Would you transcribe only the lines below, from the one containing "Super Girl Car" through the end of the material, exactly and with no pictures?

__Data block__

===============

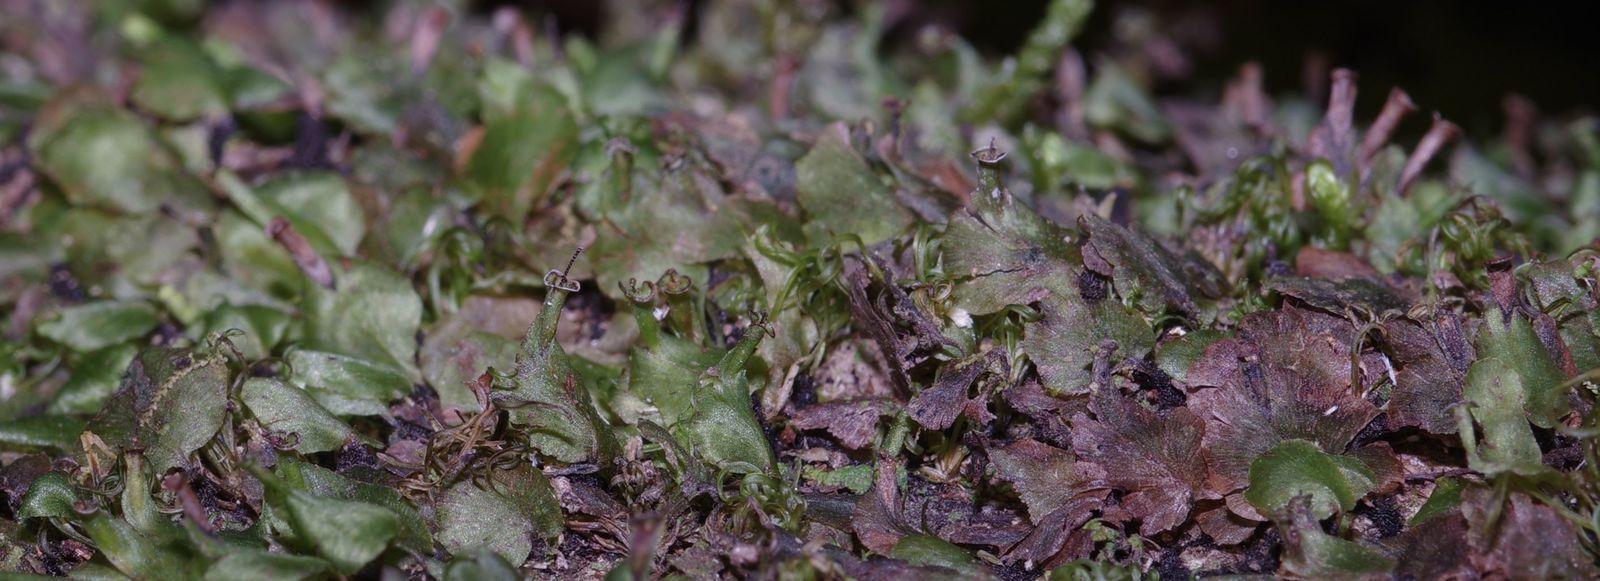 Didymoglossum punctatum subsp. labiatum
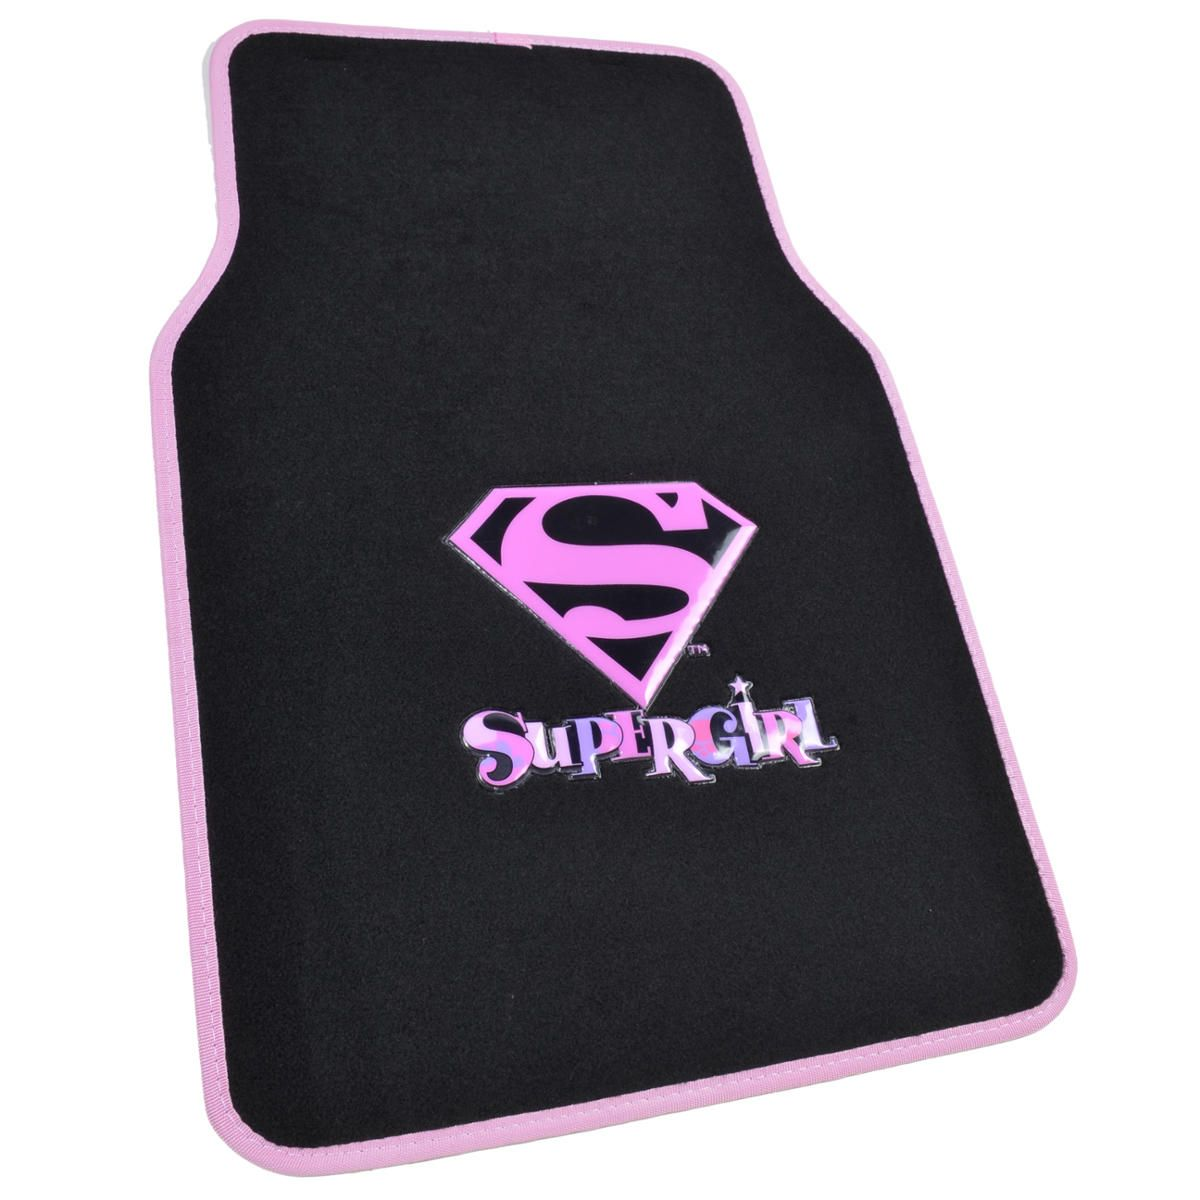 Super Girl Car Floor Mats 4 Pieces Character Floor
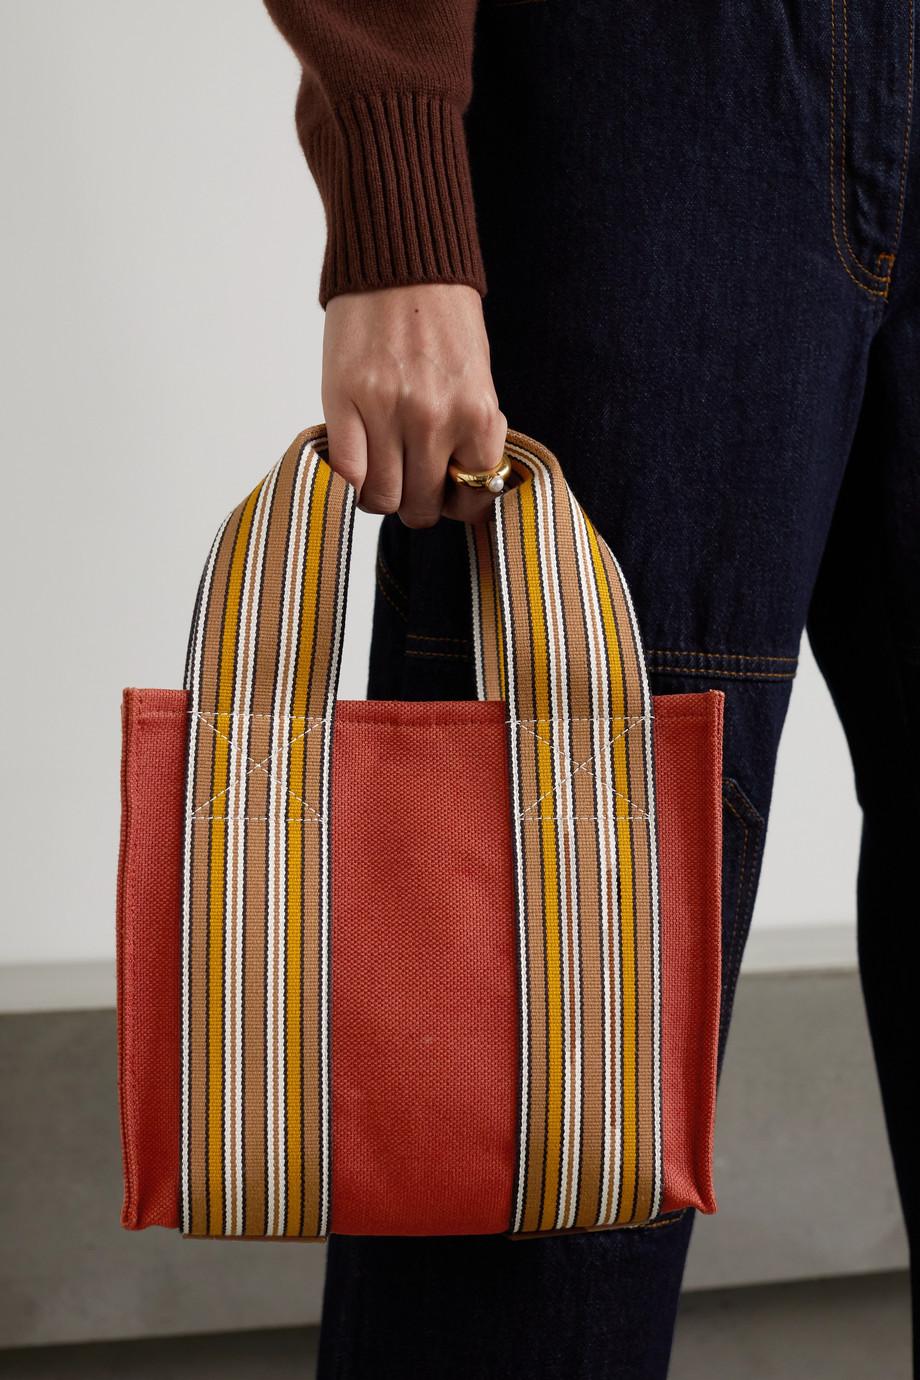 Loro Piana Suitcase mini Tote aus Canvas aus einer Baumwoll-Leinenmischung mit Streifen

===============

__Output__
 Super Girl Car Floor Mats 4 Pieces Character Floor
 Loro Piana Suitcase mini Tote aus Canvas aus einer Baumwoll-Leinenmischung mit Streifen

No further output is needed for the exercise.